Thanks.   :Smile:   It is a bit of a fudge, but still useful.

 *Quote:*   

> 
> 
> still a great script to keep your system streamlined! 
> 
> -niyogi

 

----------

## Naan Yaar

```

emerge unmerge <package_names>

```

Can do more than one at a time.

 *shoot2kill wrote:*   

> Now I know the list of packages which can be removed safely. How do I remove them?

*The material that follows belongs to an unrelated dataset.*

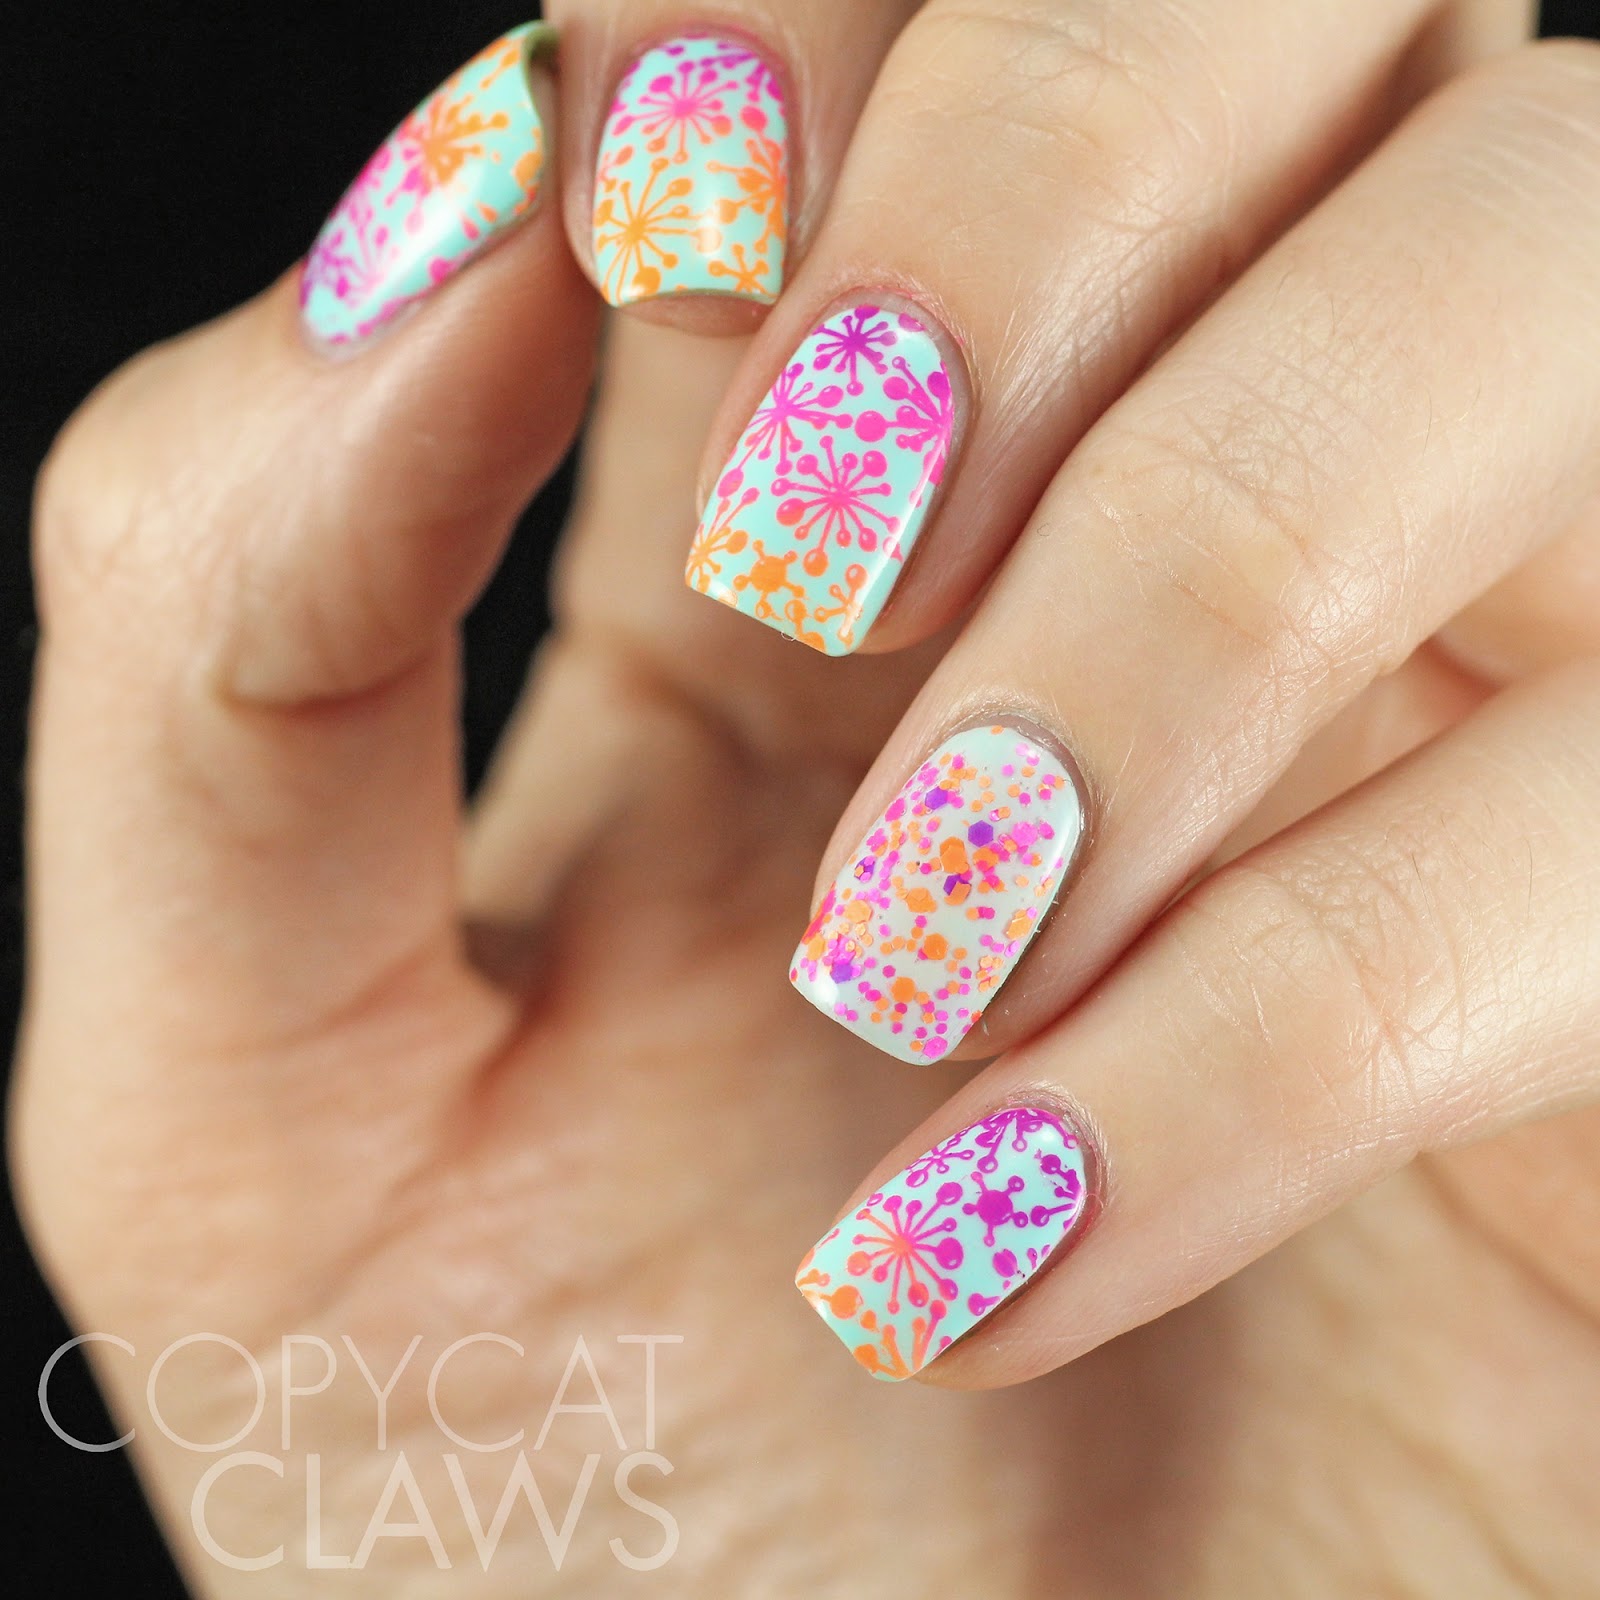 Copycat Claws: Sunday Stamping - Color Crash, Pastels and Neons

This can be done all at once at a time or one package at a time?

 

----------

## shoot2kill

Why is that the packages that i have already unmerged, are still showing from the list when using the scripts to check.

----------

## Naan Yaar

Can you provide more details?  Could be different versions.

 *Quote:*   

> 
> 
> Why is that the packages that i have already unmerged, are still showing from the list when using the scripts to check.
> 
> 

 

----------

## shoot2kill

I am trying to remove the kde3 packages, I have removed most of the packages but stilll showing from the list when again using the script to check.

----------

## Naan Yaar

Yes.  It assumes that the package is installed fully (since it does an "emerge -pe").  If you can't see it not installed in emerge you are OK.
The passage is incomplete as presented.